If 2 different representatives are to be selected at random from a gro

If 2 different representatives are to be selected at random from a group of 10 employees and if p is the probability that both representatives selected will be women, is p > 1/2 ?

(1) More than 1/2 of the 10 employees are women.
(2) The probability that both representatives selected will be men is less than 1/10



Sol: Probability p can be defined as no of favourable cases (selecting 2 women)/ Total no. of possible cases

we need to know is p>1/2 Basically we need to check whether the number of women in the group is more than 5

St1. Clearly answers so sufficient
St 2 The probability of both rep selected to be men is less than 1/10
Assume there are 2 men in the group and 8 women. Now probability of selecting 2 men will be 2C2/ 10C2 or 1/45 <1/10 (or 0.1)
for 3 men and 7 women , Probability will be 3C2/10C2 or 3/45 or 1/15 ie. 1/15 <0.1
for 4 men and 6 women, Prob. will be 4C2/10C2 oe 2/15 >0.1...Thus we can conclude that no. of women are more than 5

Hence Ans is D

I believe we need to check statement 1. For example, if there are 6 women for 2 spaces, we get Pr (W, W) = 1/3:

The probability of picking the second woman is not independent of the probability of picking the first.
There are two open spots:

______ ______

6/10 * 5/9

30/90

1/3 < 1/2

The probability the first spot goes to a woman is the proportion of women in the group. The probability the second spot goes to a woman is the proportion of women from the remaining group. We are selecting "without replacement."

At the other extreme, if the group is composed entirely of women (I think one "trick" is that we are never told this group is co-ed), it is a certainty that the committee will be all-female. Pr (W, W) = 1

Thus, we cannot determine whether p > 1/2 from Statement 1.

The reasoning for Statement 2 is correct in that there are at most 3 men. The smallest number of women must be 7.

Check this case:

______ ______

7/10 * 6/9

14/30 < 1/2

Recognize again that there can be zero men in the group. In that case Pr (W, W) = 1 > 1/2

Thus we cannot determine sufficiency based on Statement 2.

Combining the statements yields no new info because (2) is just a more restricted version of (1).

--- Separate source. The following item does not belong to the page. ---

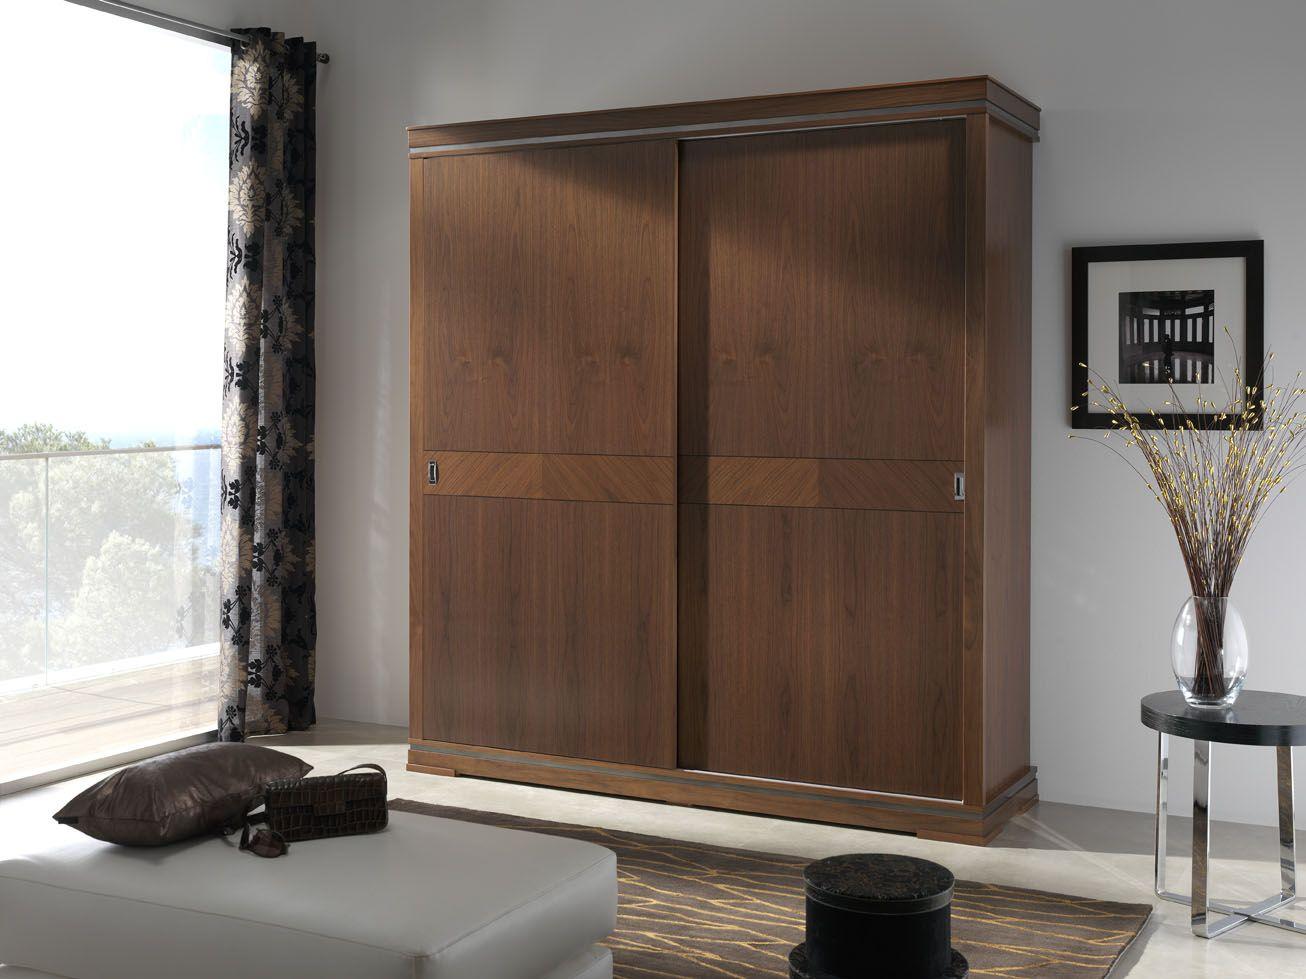 Dormitorios cl sicos muebles luis serra muebles corbera muebles alzira sofas corbera - Muebles alzira ...

The answer should therefore be E.

Statemenet 1: if P=6/10*5/9=30/90, i.e.<1/2, but if 10/10*9/9=1, i.e.>1/2, NOT SUFFICIENT
Statement 2: x/10*y/9<1/10 => xy<9 with multiplying consecutives, so it can be 3 men and 7 women =>7/10*6/9=42/90, i.e.<1/2 but it can be 2 men and 8 women =>8/10*7/9=56/90, i.e>1/2, NOT SUFFICIENT
Statements 1 and 2: It just gives us that women number cannot be less than 7, but again it is NOT SUFFICIENT

Answer is E

Similar questions to practice:

a-jar-contains-8-red-marbles-and-y-white-marbles-if-joan-101748.html (almost the same question from MGMAT)
a-certain-jar-contains-only-b-black-marbles-w-white-marbles-104924.html
a-certain-box-contains-only-blue-b-green-g-and-red-r-153384.html
a-jury-pool-consists-of-6-men-and-w-women-if-2-jurors-166008.html

stmt1: More than 1/2 of 10 employees are women.

case 1: 6 women , 4 men
probability of selecting 2 women is (6/10)*(5/9) = 1/3<1/2 (true)
case 2: 7 women , 3 men
probability of selecting 2 women is (7/10)*(6/9) = 7/15<1/2 (true)
case 3: 8 women , 2 men
probability of selecting 2 women is (8/10) * (7/9) = 28/45>1/2 (false)

Hence Insufficient

stmt2: :The probability that both representatives selected will be men is less than 1/10

case1 : 8 women, 2 men
probability of selecting 2 men is (2/10)*(1/9) = 1/45 <1/10 (true)
probability of selecting 2 women is (8/10) * (7/9) = 28/45>1/2 (false)
case 2 : 7 women , 3 women
probability of selecting 2 men is (3/10)*(2/9) = 1/15 <1/10 (true)
probability of selecting 2 women is (7/10)*(6/9) = 7/15<1/2 (true)
Hence Insufficient.

Both statements combined is not sufficient.
Hence E .
Hope this helps

Hey everyone - I have a question about this problem.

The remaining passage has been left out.